Y sí, al día siguiente regresaron, igual de orondos. Sin esperar a que yo saliera, comenzaron a trabajar como treinta fulanos, dirigidos por uno al que decían ingeniero. Yo los miraba desde la ventana, temblando de rabia, mientras mi viejita rezaba y lloraba, lloraba y rezaba, sentada a la orilla de la cama, con la vista pegada en el suelo. Nunca antes me había sentido tan inútil, tan acabado. Ganas me daban de salir a mentarles la madre, cuando menos, aunque me dieran un balazo o una buena tranquiza. No lo hice nomás pa’ no angustiar más a mi viejita. Pero si hubiera tenido un rifle, una pistola cuando menos, no hubiera dudado usarla pa’ que aprendieran a respetar a la gente, aun a la más jodida, como yo.

Todo el día estuvieron dando lata, escarbando y regando a los pobres arbolitos, hasta que las raíces quedaron descubiertas. Luego los acostaron con muchos trabajos, con la ayuda de una grúa, los subieron a dos remolques y se los llevaron. A esa hora el sol se había ocultado, así que al menos no miré cómo se alejaban de nuestro lado, llevándose infinidad de recuerdos, los únicos buenos recuerdos que viven en mi cabeza.
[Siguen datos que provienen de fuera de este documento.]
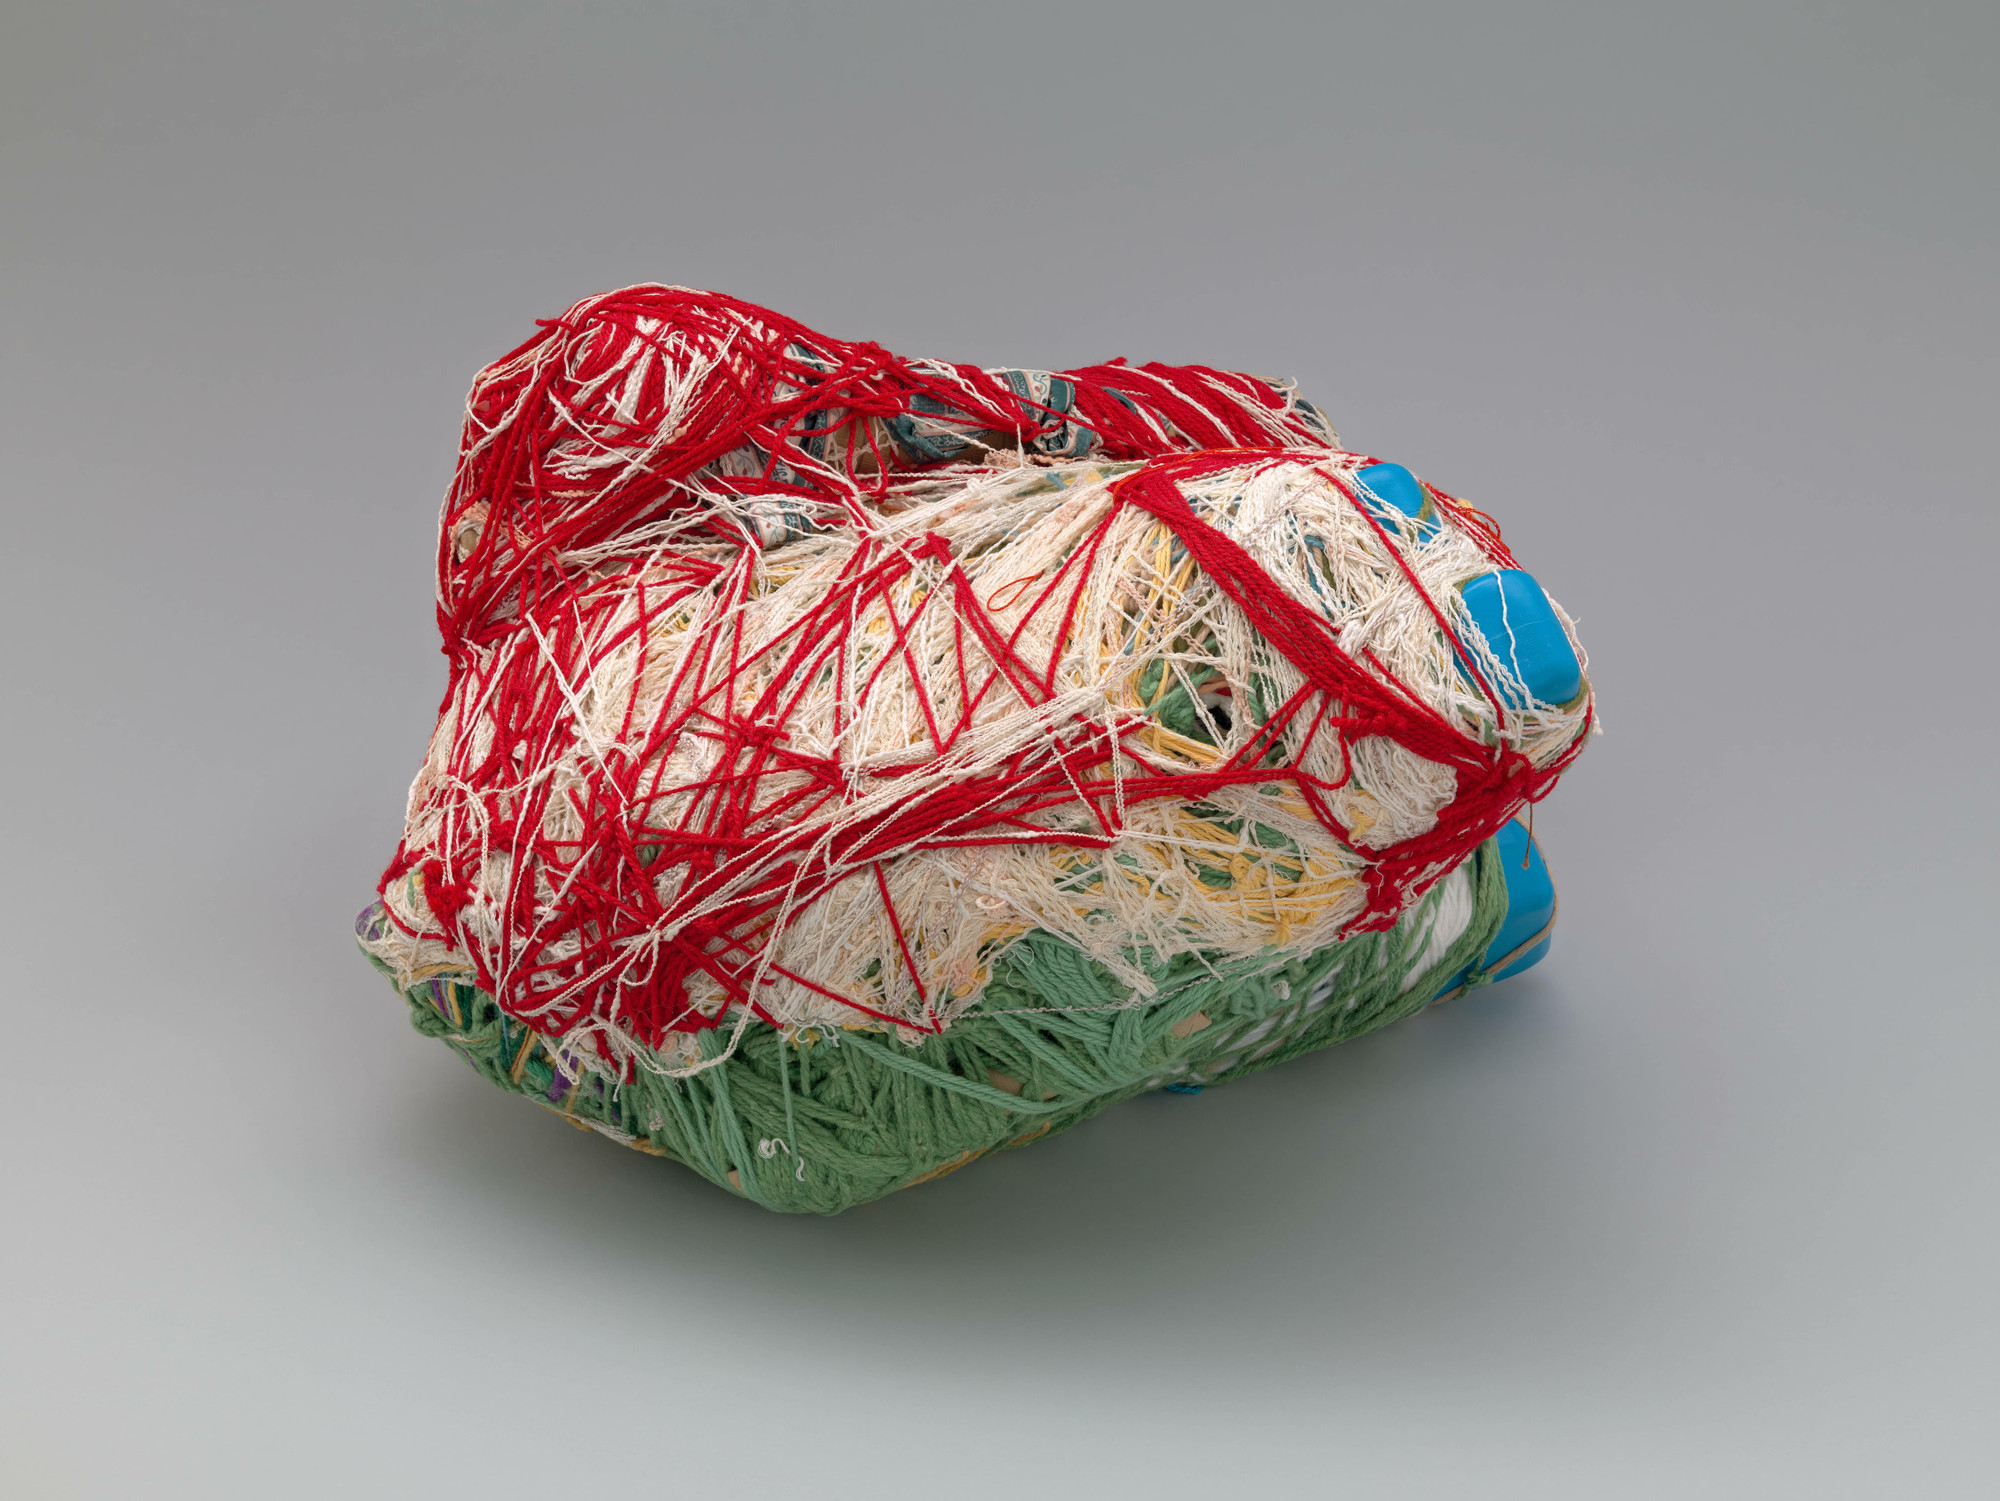 Judith Scott. Untitled. 2002. Found objects assembled and wrapped in twine and yarn, 19 × 8 × 9″ (48.3 × 20.3 × 22.9 cm). Gift of Martin and Rebecca Eisenbeg in honor of Matthew Higgs

Todo el día estuve mirando cómo cavaban alrededor de los nogales, siguiendo las instrucciones del ingeniero, quien parecía saber mucho de árboles, así que al menos me despreocupé, al darme cuenta de que no les harían daño, no tanto como podría haber sido si no estuviera ese señor al pendiente de la escarbadera.
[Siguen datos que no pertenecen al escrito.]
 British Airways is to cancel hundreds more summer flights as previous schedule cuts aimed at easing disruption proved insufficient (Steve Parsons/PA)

Pero después de cavilar un buen rato, me dije que ni así los dos nogales seguirán con vida, tan acostumbrados como están a su tierra, al igual que nosotros. Por muchos cuidados que pongan pa’ trasplantarlos, seguramente se habrán de secar al extrañar su querencia, de eso no me cabe la menor duda. Me alegra pensarlo. Suena egoísta y lo es, pero me daría mucho coraje que el licenciado ese se saliera con la suya de tener en su rancho dos nogales que nunca le pertenecerán.

Los cinco mil pesos allí están, sobre la mesa de la cocina, como mudos testigos de una canallada que no merecíamos mi viejita y yo. No nos interesa gastarlos, a pesar de tantas cosas que nos hacen falta, porque sería como aceptar que accedimos a venderlos cuando no fue así. Decidimos dárselos a mi compadre, de algo le han de servir, sin decirle cómo los obtuvimos. Si me preguntara que de donde salieron, le diría que se trata de un dinero que me envío mi hija, que se lo estaba dando por el aprecio que siempre nos tuvimos. No creo que insista más.

Cuando sepa el fin que tuvimos, tal vez colija el verdadero origen del dinero. Para entonces lo más seguro es que se lo haya gastado, lo que sería muy bueno. Espero que no queden más que cenizas de mi viejita y yo, pa’ evitarle molestias a mi compadre. Los hoyos que dejaron los nogales son el testimonio de una vileza, por eso preferimos morir. Lo único bueno es que por fin mi viejita no puso reparos ante la idea de quedarnos aquí mientras le prendo fuego a nuestro tilichero.

- Así sabremos anticipadamente lo que es el infierno-, le dije con ánimo de hacerla reír. Al ver que ni caso me hizo, me puse a pensar que la llevábamos de gane en caso de irnos al infierno.